While
we would like to think of ourselves as wholly unique entities unmarred by
corrupt society or creative literary figures or general acquaintances, we’re
not. Like Chuck Palahniuk said, nothing of us is original, we are the combined
effort of everyone we’ve ever known. Because by being human we are exposing
ourselves to the craving of companionship, to the seeking of comfort in
literature, art, people. And those begin to influence us, subtly. You may call
yourself an anti-communist and then read Karl Marx’s and insist that the
elimination of social classes requires a revolution and that capitalism is
inherently unstable. In favor of your case though, Marx just might happen to be
a convincing little genius. The point of the matter is that we are not all just
born with stone-set ideas that endure until our sad ends. We form ideas that
are being constantly contradicted or amalgamated with tweaks here and there,
our surroundings being the ones that incite those tweaks. So there’s always
going to be the question of whether fiction or other works of art, are truly
one perspective of individual creativity, or if even the most “original” of
works is half massed by a history of influences that are not just that, but
participants of the work.
David
Shields’ Reality Hunger: A Manifesto,
addresses this subject by questioning the reality of modern literature, TV,
radio, etc. He’s had enough of the fixed plots and planned scenarios,
artificial essence of it all, the unrealistic aspect to it. He says that “an artistic movement, albeit an organic and
as-yet-unstated one, is forming. What are its key components? A deliberate
unartiness: “raw” material, seemingly unprocessed, unfiltered, uncensored, and
unprofessional.” He’s calling out to the public in an attempt to bring forth
this view of art as something holy universal, not unique in its own right,
proof of the unrealistic view of creativity and also of the lack of realism
found in said works of art. His is a questioning of reality in art, of how
every great writer wants to transpose reality, clear and authentic, into their
work, but somehow fail because very few things are reality at all. “As Nabokov
never got tired of reminding us, “reality” is the one word that is meaningless
without quotation marks.”
While Hunger Manifesto addresses the lack of
reality in everyday art and the lack of movement beyond comfort zones, The
Futurist Manifesto by F.T Marinetti tackles a literary world that has to be
liberated from past works of art and use its newfound speed to create something
new. According to Marinetti, “We are already living in the absolute, since we
have already created eternal, omnipresent speed.” He uses speed to build on his
point of moving forward and not looking back. Because the past is just that,
the past. And so he comments about the urge to glorify war as a means to get to
cure the world, to eradicate all the past notions like a plague that kills off
population and breeds a newer, more sophisticated populace. In founding
Futurism he plans on delivering “Italy
from its gangrene of professors, archaeologists, tourist guides and
antiquaries.” The listed above all share one thing and that is the building and
analyzing of the old, those that focus on the past. An example he uses to
convince the reader about his point is that of an old picture in a museum, and
the question of what can you find in it except the painful contortions of the
artist trying to break uncrossable barriers that keep him from fully expressing
his dreams. “To admire an old picture is to pour our sensibility into a funeral
urn instead of casting it forward with violent spurts of creation and action.”

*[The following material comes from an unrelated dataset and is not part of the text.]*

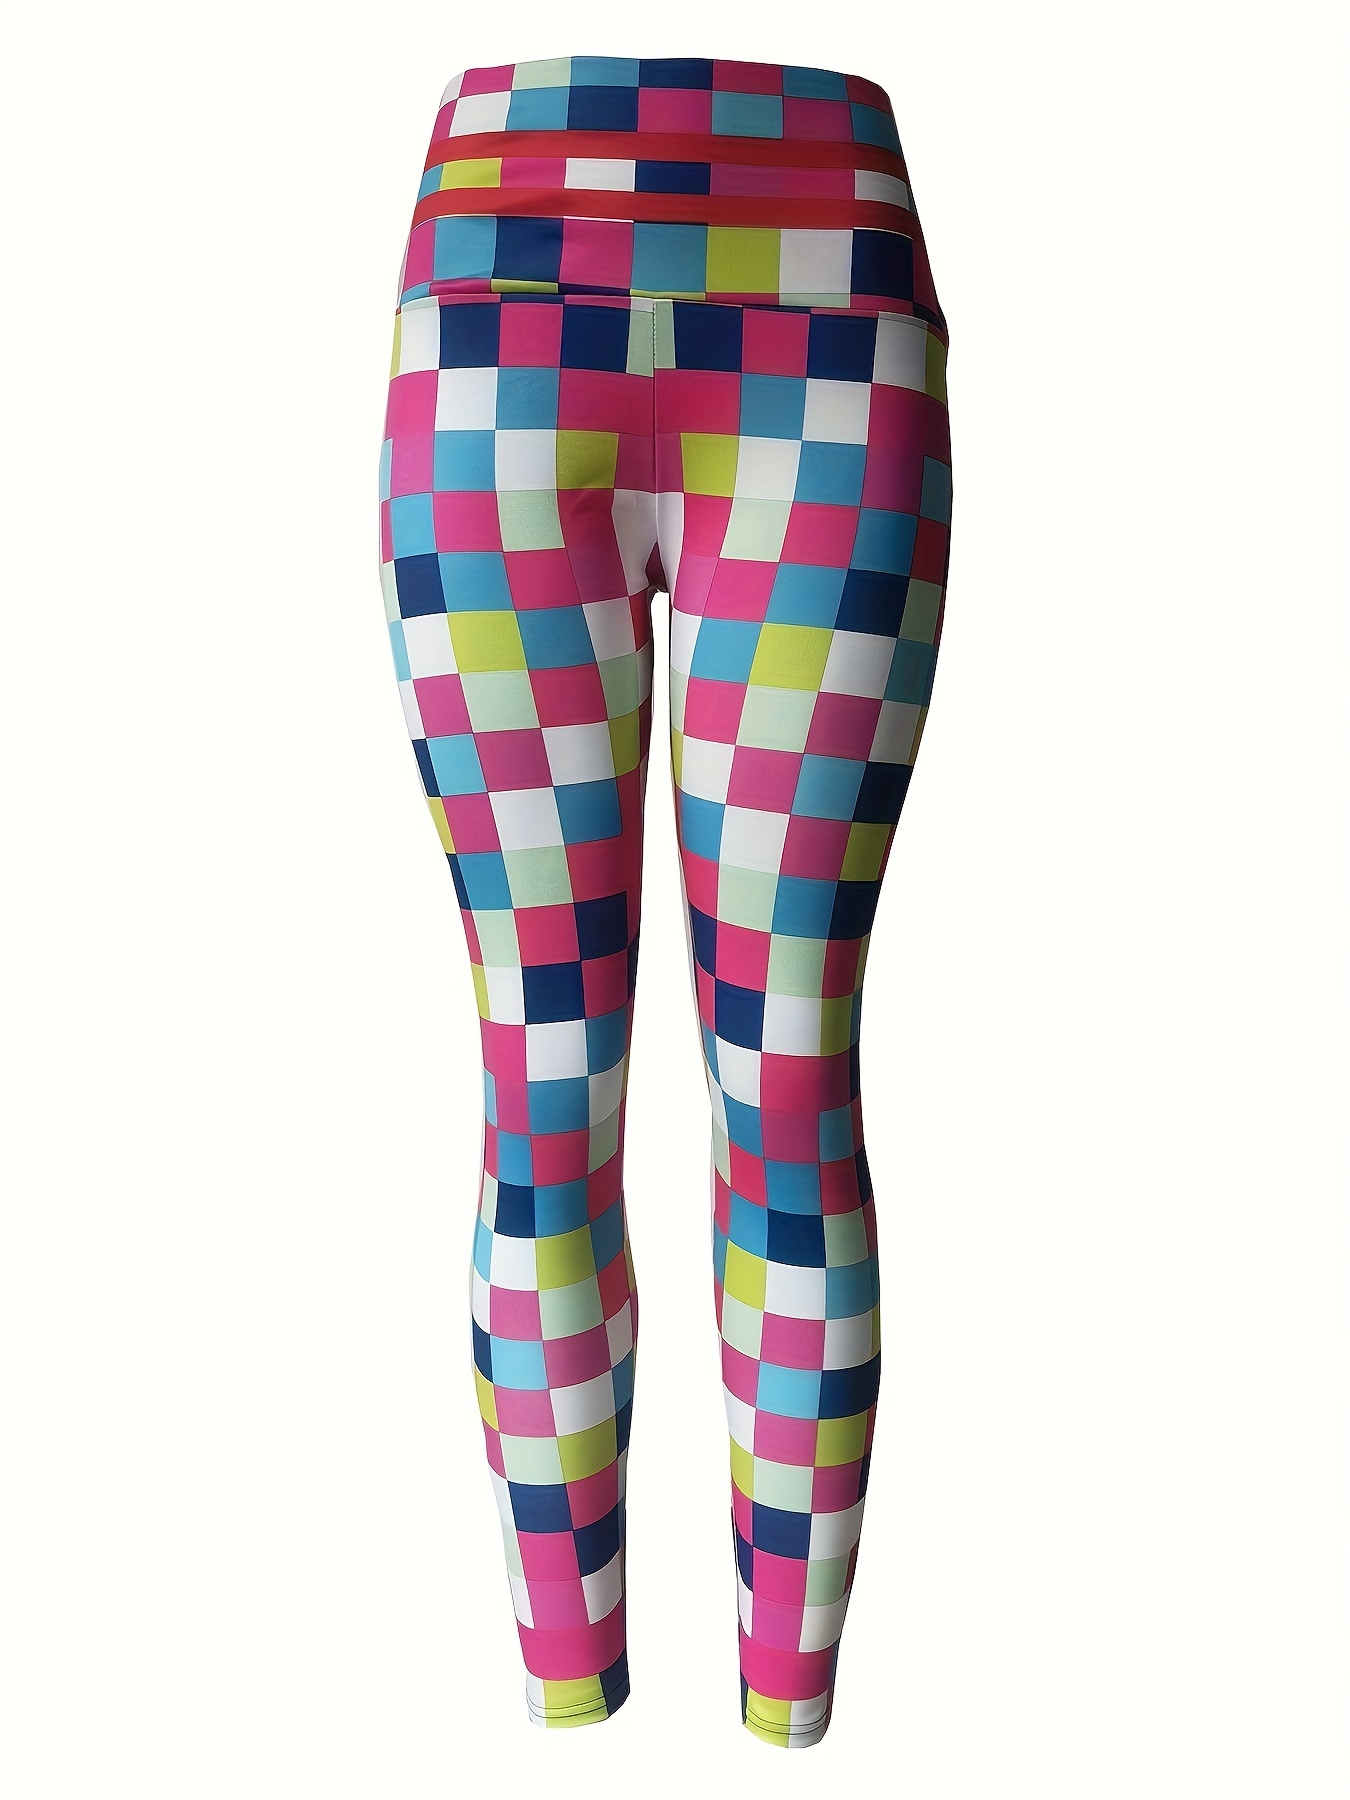 Checkerboard Plaid Print Workout Yoga Tight Pants, Stretchy Fitness Running  Sports Leggings, Women's Activewear

He asks of the reader if he’d rather waste time admiring art of the past instead
of using the passion to move forward in creation of his own. His is a call to
the people to not let the past drag them, keep them halted, when they can
rejoice in speed and move forward with brand new ideas.
Both
of these are calling out, preaching a political view on art, manifestos in
their own way. While Shields focuses on reality in fiction and the origin of
creativity and ideas, Marinetti focuses on the hindering past and that old
works are to be eradicated so as not to be fixed on them and have the courage
to move on into higher realms of art. In a sense, both are looking at art in the
past, and while one is analyzing its effects, the other knows the effects and proposes
a course of action to get rid of it.